§ REQUIRED ACTION: The expected answer is the data below, printed verbatim without its pictures.

§ COLLECTED MATERIAL:
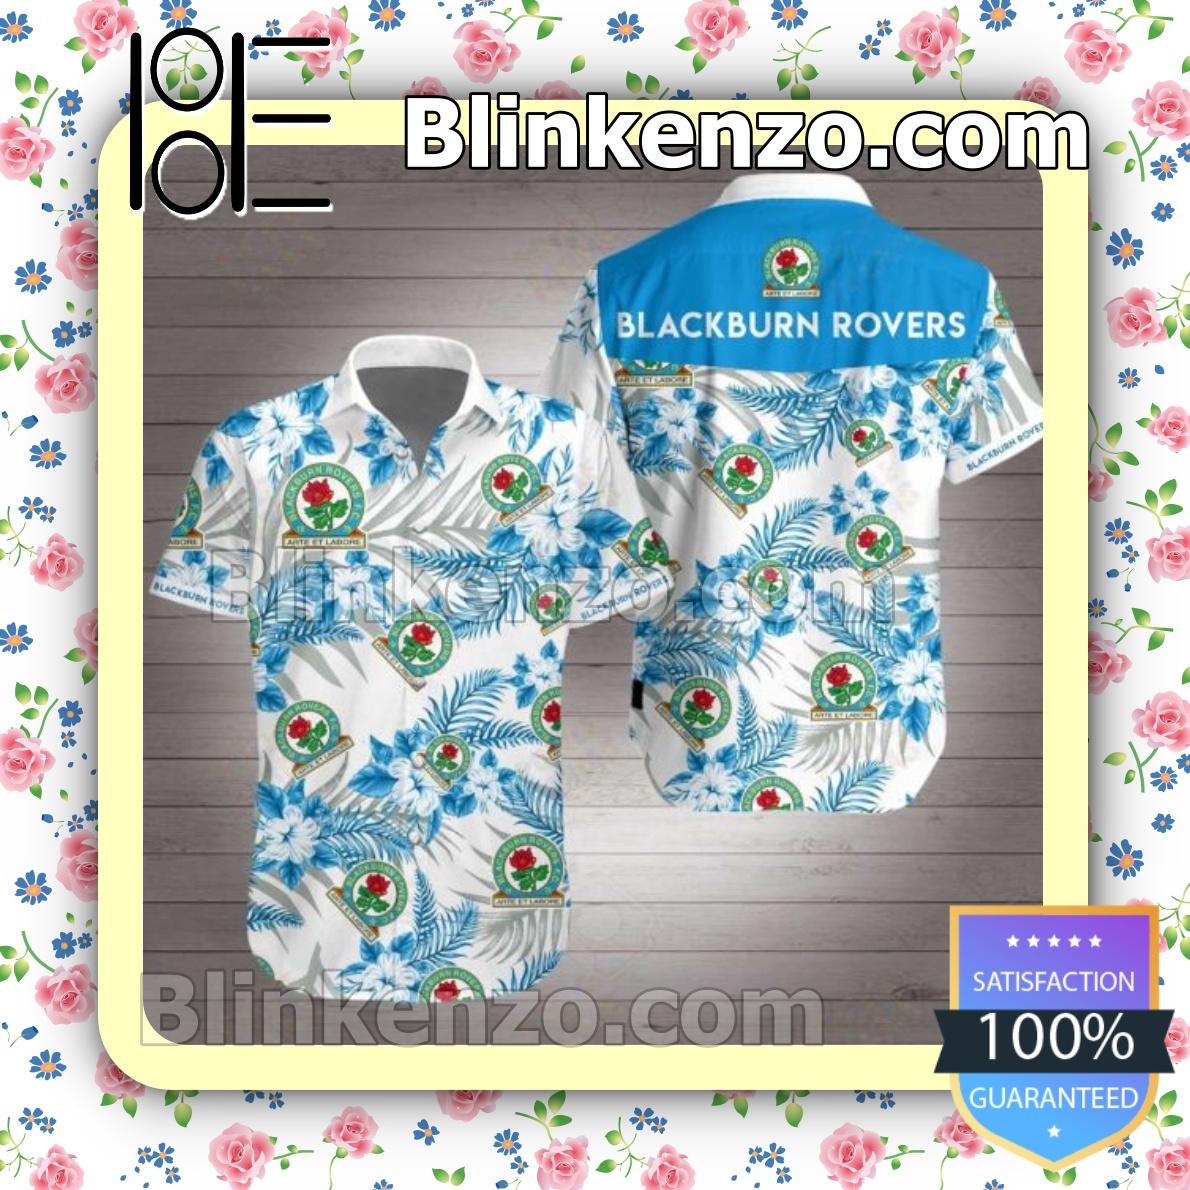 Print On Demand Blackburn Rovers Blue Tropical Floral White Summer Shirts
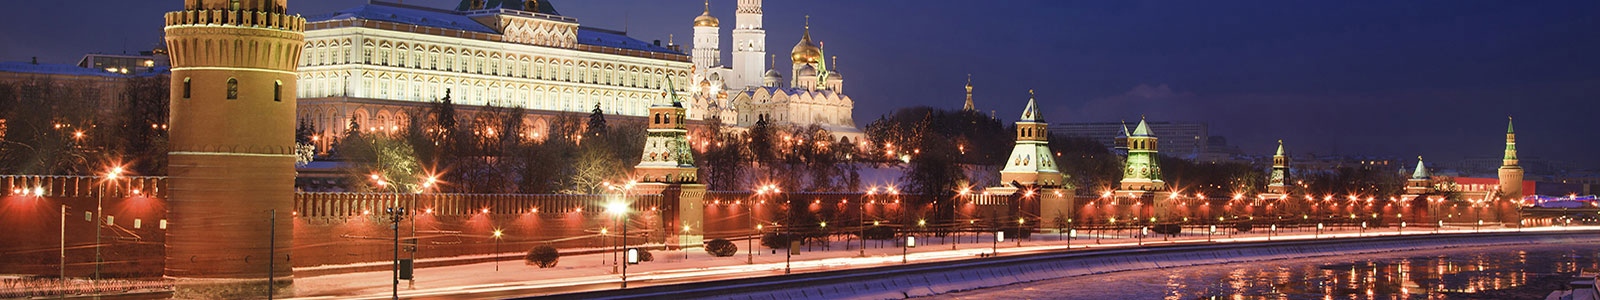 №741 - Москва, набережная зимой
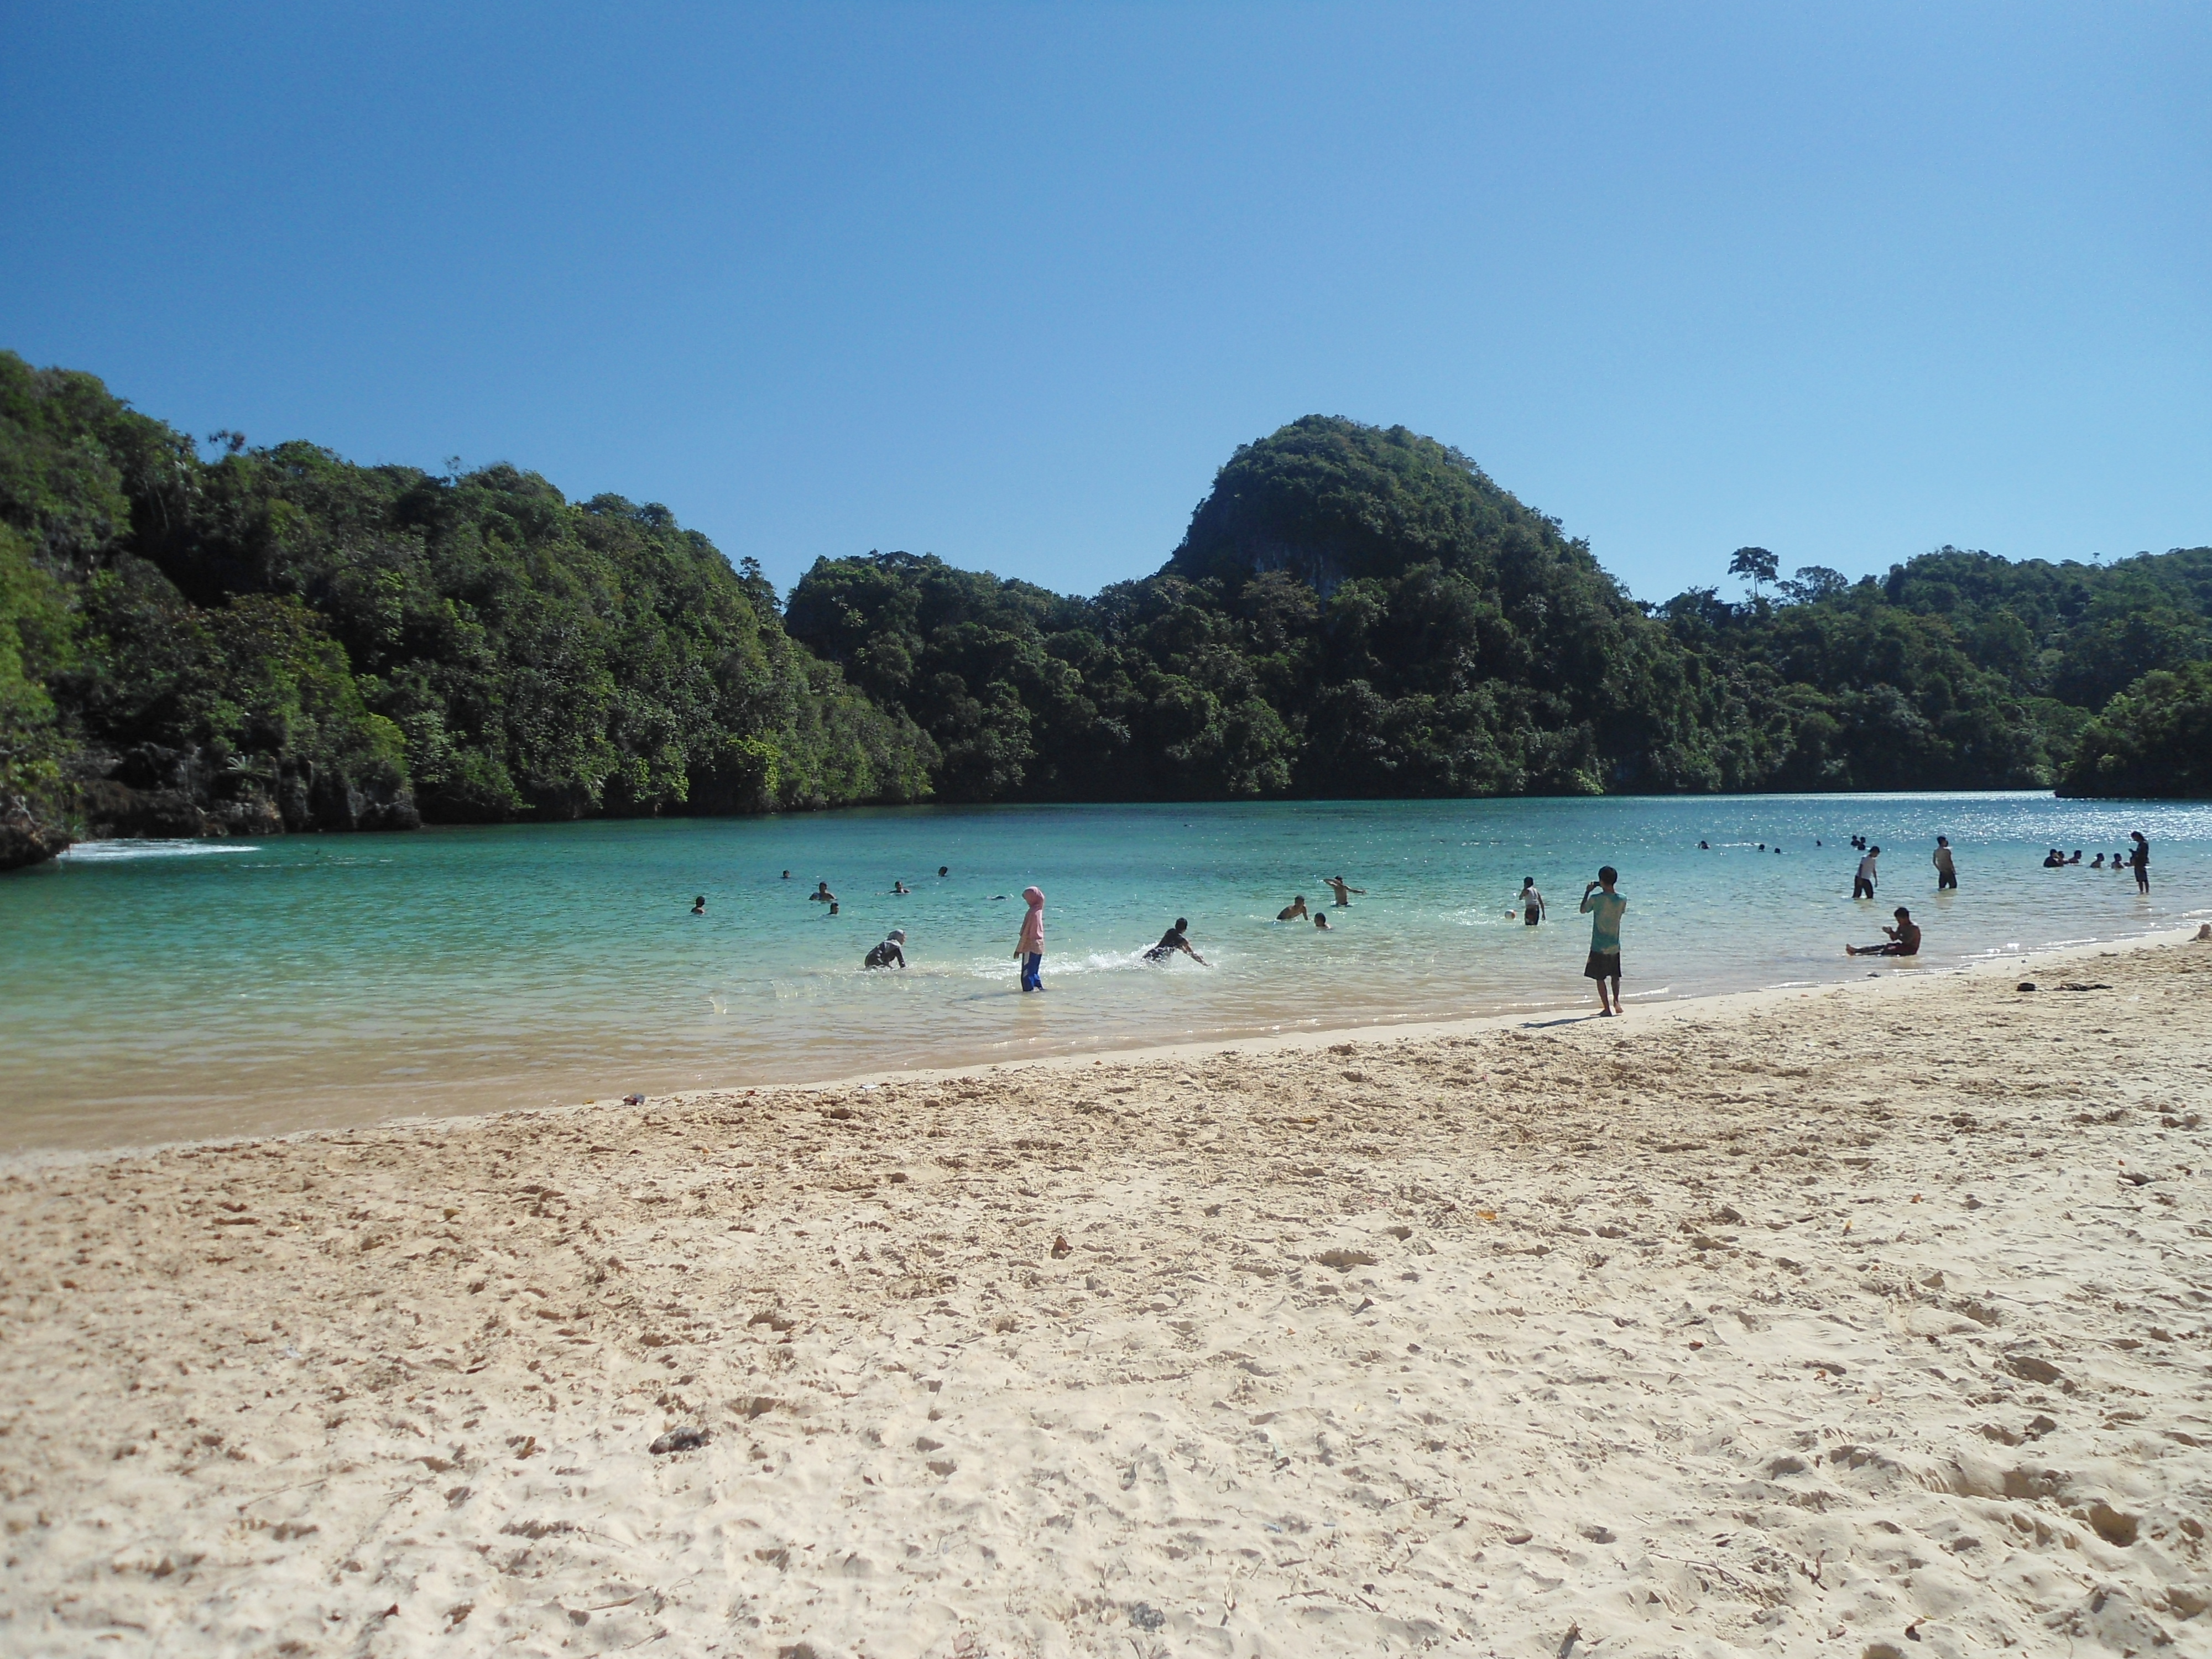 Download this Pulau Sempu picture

§ EXERCISE ANSWER:
 Print On Demand Blackburn Rovers Blue Tropical Floral White Summer Shirts
 №741 - Москва, набережная зимой
 Download this Pulau Sempu picture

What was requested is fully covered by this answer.